Musique de nuit. Avec la lumière du jour, va le silence. L’existence du monde,
son activité, n’ont pas besoin de musique, à peine de paroles. Mais la nuit :
irrécupérable, intenable sans magie. La musique indienne n’est pas un
divertissement, ni un soutien ; elle n’est pas faite pour oublier. Elle est une
nécessité, la seule façon de voir, d’entendre et de sentir dans l’anesthésie de la
nuit. Musique pour recréer le monde, pour lutter contre l’invisible, le dangereux.

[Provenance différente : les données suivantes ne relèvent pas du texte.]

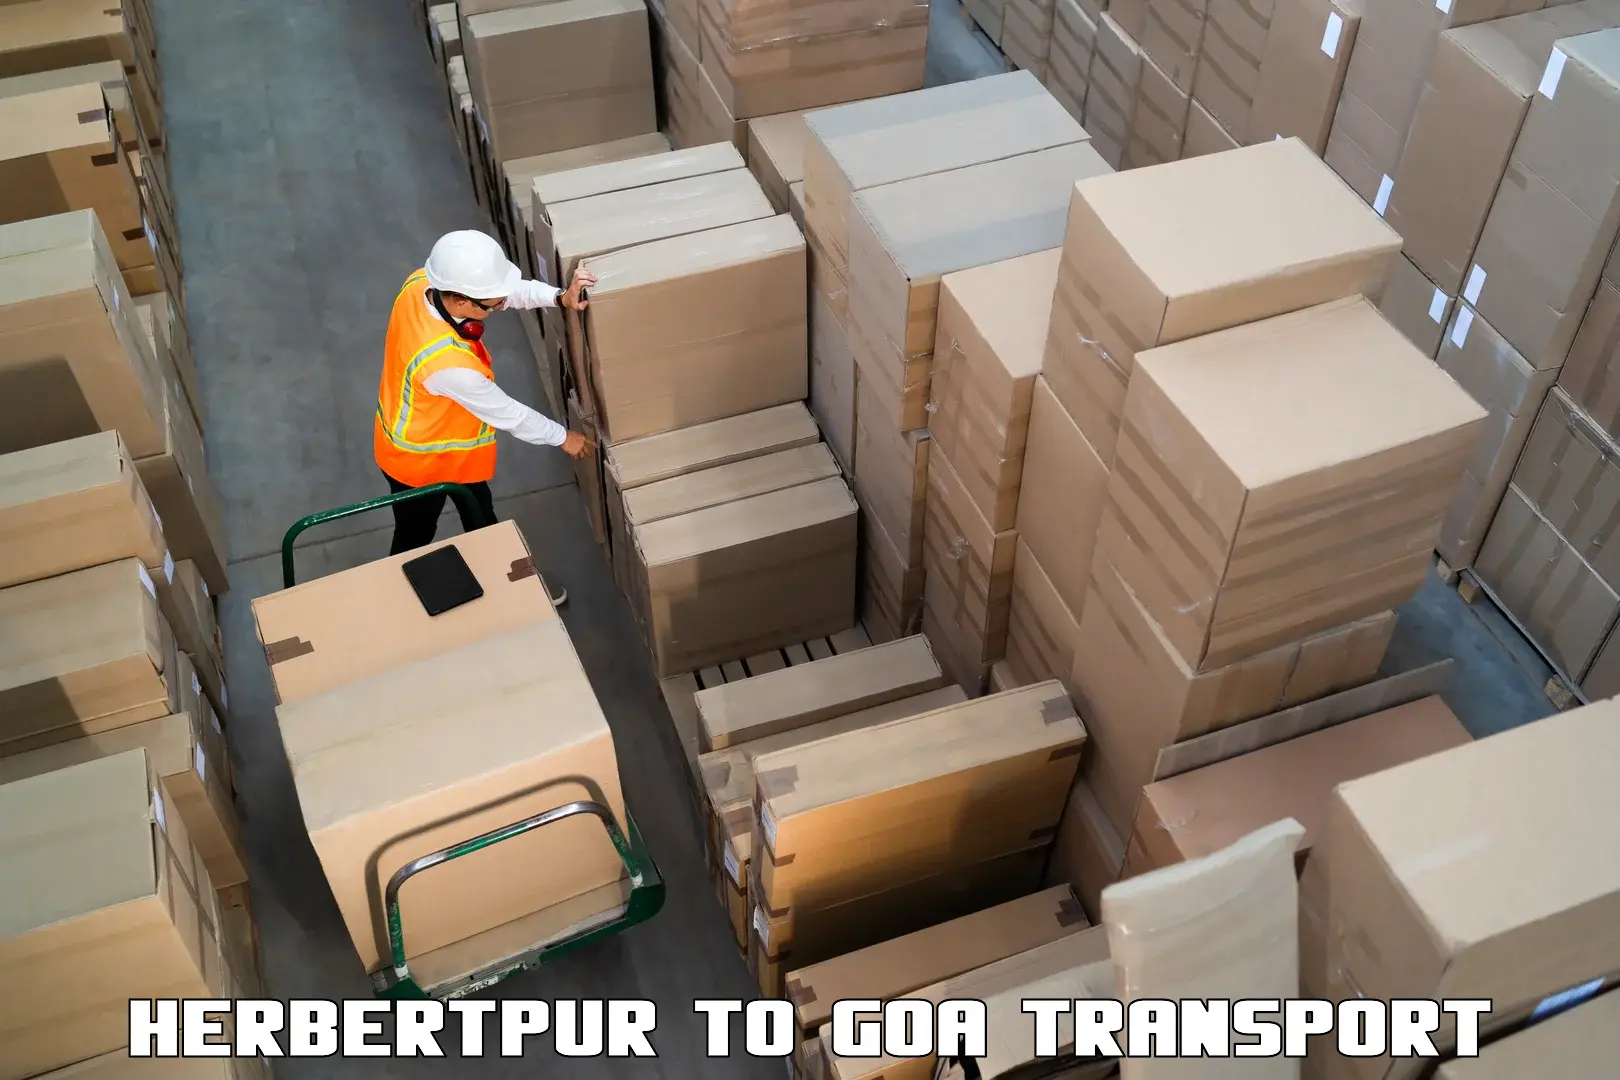 Goods delivery service Herbertpur to Bardez

Musique démoniaque, voix des dieux, pour tuer, envoûter, pour appeler. Cris des
crapauds, cris des chiens, comme cela, pendant des heures, sans fatigue. Cris du
singe-araignée, cris de l’agouti, cris de l’épervier. Il y a, au milieu de la forêt
obscure, une sorte de creuset de vie, un bouillonnement, un cratère. Les trois
notes soufflées à tour de rôle dans les douzaines de chalumeaux, pendant des
heures, des heures. Cri monotone, cacophonique, hésitant, mais profond, lourd,
tendu, et qui transperce le silence de la nuit. Cri sans rythme, sans expression,
pareil au déchaînement des klaxons sur la route. Un bruit organique, inlassable,
un battement de cœur, une respiration. Les tubes de roseau sont taillés à la nuit
tombante, puis distribués à l’assistance : seulement trois sortes de tubes,
seulement trois notes. Chacun a sa voix ; une voix étrangère, une voix d’animal.
Seule, cette voix ne sert pas, elle n’est qu’un sifflet. Mais soufflées ensemble, les
respirations dans les tubes de roseau s’animent, à tour de rôle, graves ensemble,
aigus ensemble. Tous les hommes soufflent. Chacun respire dans son tube. Parce
qu’ils soufflent ensemble, le bruit devient langage, musique. Il répète sans se
lasser ses paroles, ses ordres. Le monde n’est pas étranger. Il est tout à fait
proche, il entoure le lieu où se fabrique le langage. Ce jeu est le sien, sa vie. Les
rauques sifflements des respirations dans les tubes de roseau le maintiennent
cohérent, maintiennent les forces ensemble, comme une hypnose. Il faut répéter,
comme cela, sans changer de place, sans désirer, sans haïr, sans rien vouloir.
Quoi répéter ? Pas même l’assurance de la vie, ou la domination humaine ;
répéter le même triple bruit, pour que le langage ne meure pas, pour qu’il y ait
toujours le langage.
L’homme ne sait pas très bien ce qu’il invente. Il ne connaît pas les pouvoirs
de ses rites. S’il les soupçonnait, peut-être qu’il n’oserait plus faire de bruit,
peut-être que ses paroles s’éteindraient tout de suite dans sa gorge. La musique
indienne n’accomplit aucune œuvre d’intelligence. Elle est utile immédiatement.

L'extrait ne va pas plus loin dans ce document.